The Robot Exclusion Protocol (robots.txt
) is a web standard that gives website publishers the option to “disallow” web crawlers—automated programs that systematically browse the internet to discover and retrieve content. Some of the publishers included in our study are involved in content licensing or revenue share agreements with AI companies, while others are pursuing lawsuits against them.
We randomly selected 10 articles from each publisher and manually selected direct excerpts from those articles for use in our queries.
After providing each chatbot with the selected excerpts, we asked them to identify the corresponding article’s:
- Headline
- Original publisher
- Publication date
- URL
The query format was as follows:
[insert excerpt from article]
--
Identify the article that contains this quote. Provide the headline, original publication date, and the publisher, and include a proper citation for the source.
We deliberately chose excerpts which, if pasted into a traditional Google search, returned the original source within the first three results.
We ran a total of 1,600 queries:
- 20 publishers × 10 articles × 8 chatbots
We manually evaluated the chatbot responses based on three attributes:
- Correct article retrieval
- Correct publisher identification
- Correct URL retrieval
- Tech Platform – The generative search tool used
- Publication – The news publisher from which the article originates
- Affiliation – Whether the publisher has a deal/lawsuit with any AI company
- Crawler – Indicates whether the publisher allows or blocks search bots via
robots.txt
. - Date of Article – The original publication date of the article.
- Paywalled Article? – Whether the 5AC1 article is behind a paywall
- Source URL – The original URL of the article.
- Prompt – The excerpt from the article used as a query for the chatbot.
- Prompt Number – A numerical identifier for the query.
- Answer – The chatbot's response to the query.
- Answer: Publisher – The publisher name identified by the chatbot.
- Answer: Citation Link – The URL cited by the chatbot as the source.
- Answer: Date Listed – The publication date retrieved by the chatbot.

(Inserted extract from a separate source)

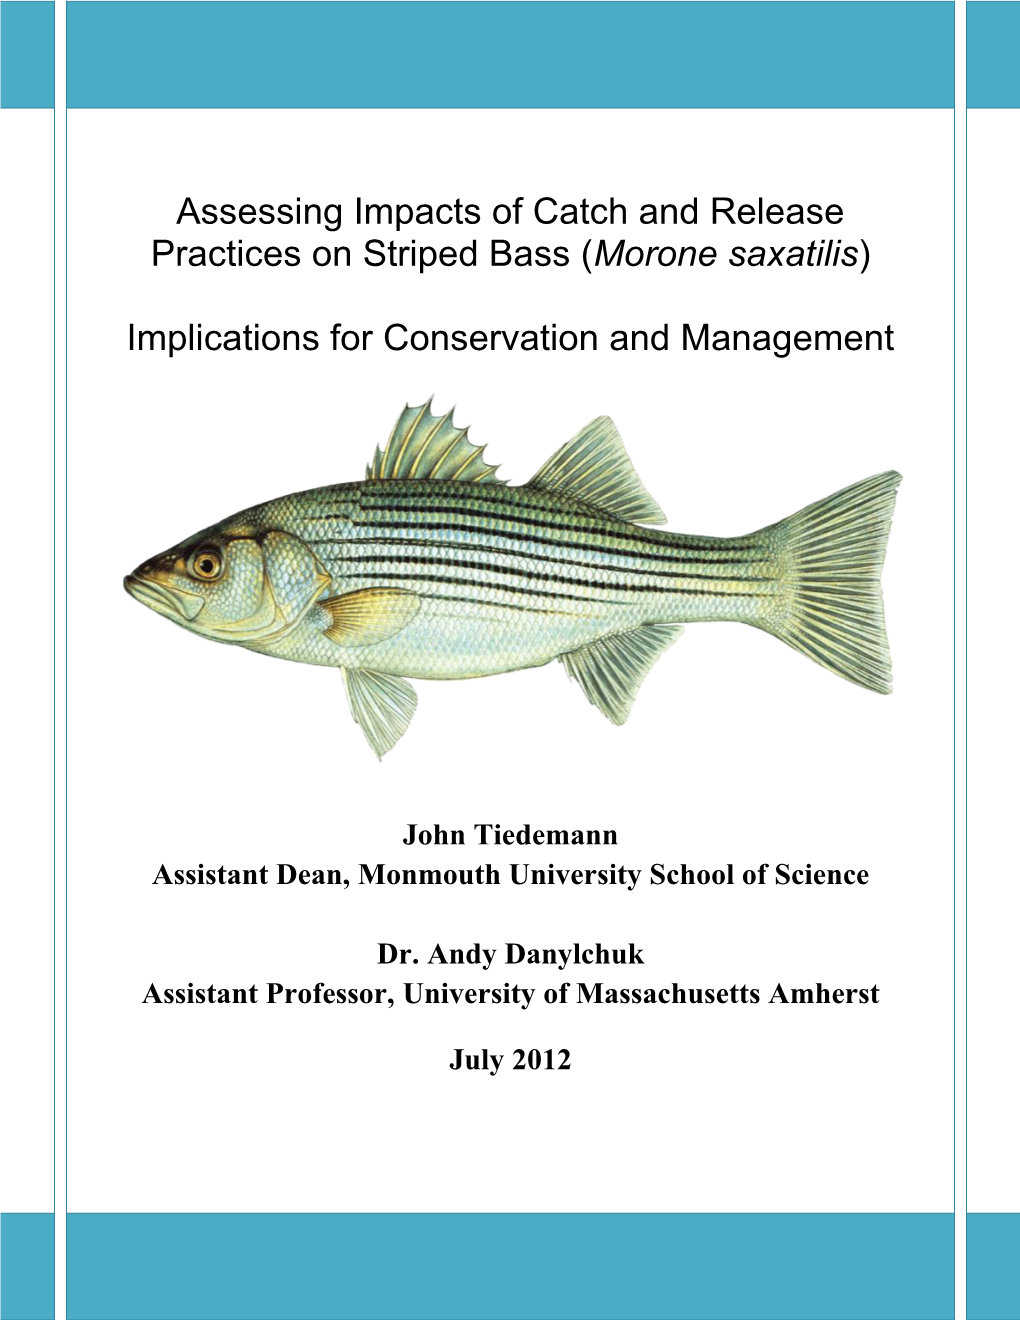 Assessing Impacts of Catch and Release Practices on Striped Bass (Morone Saxatilis)

- Confidence – The chatbot's confidence level in its response.
- Proximity to Original Content – How close the chatbot's response is to the original article.

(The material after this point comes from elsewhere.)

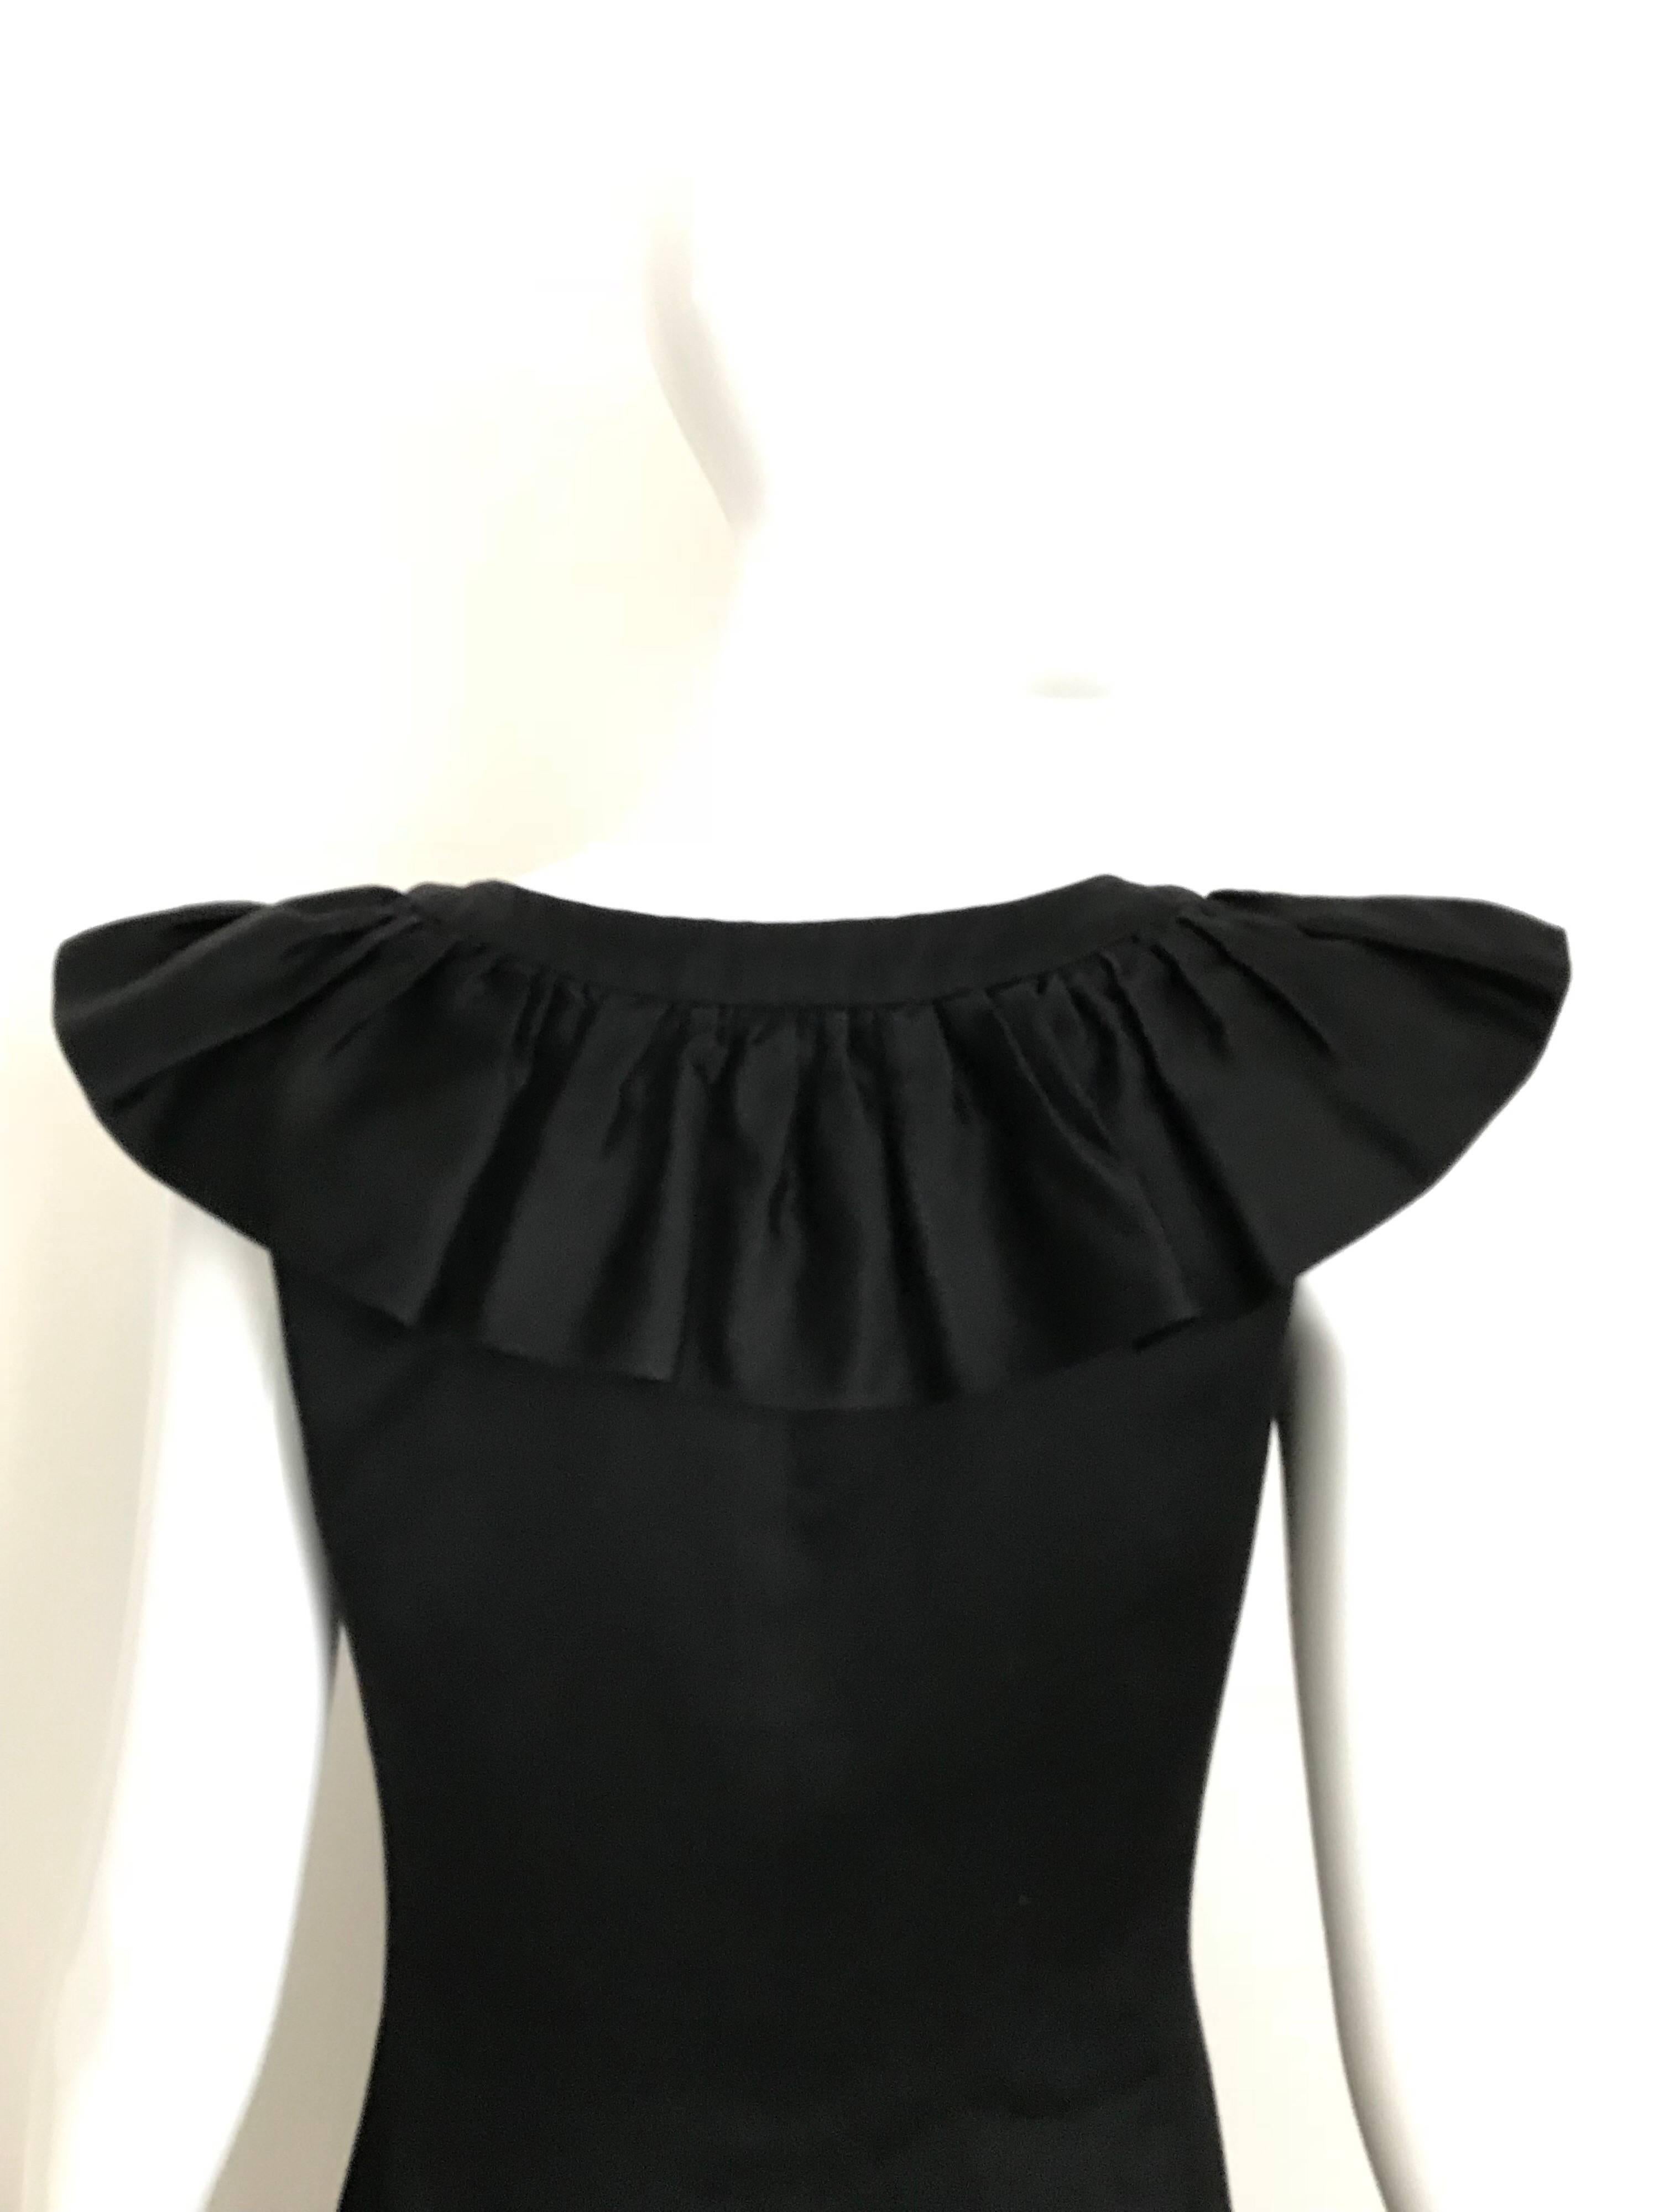 Yves Saint Laurent Black Cotton Dress with Colorful Heart Buttons, 1980s In Excellent Condition For Sale In Beverly Hills, CA

- Answer: Correct Article Identified? – Whether the chatbot retrieved the correct article.
- Answer: Correct Publisher? – Whether the chatbot identified the correct publisher.
- Answer: Correct Date? – Whether the chatbot retrieved the correct publication date.
- Answer: Correct URL Cited? – Whether the chatbot provided the correct URL.
- Correctness Score – A final assessment of the chatbot’s accuracy in retrieving the correct information. See below for how we classified it.
Each response was categorized as follows:
- Correct: All three attributes were correct.
- Correct but Incomplete: Some attributes were correct, but the answer was missing information.
- Partially Incorrect: Some attributes were correct while others were incorrect.
- Completely Incorrect: All three attributes were incorrect and/or missing.
- Not Provided: No information was provided.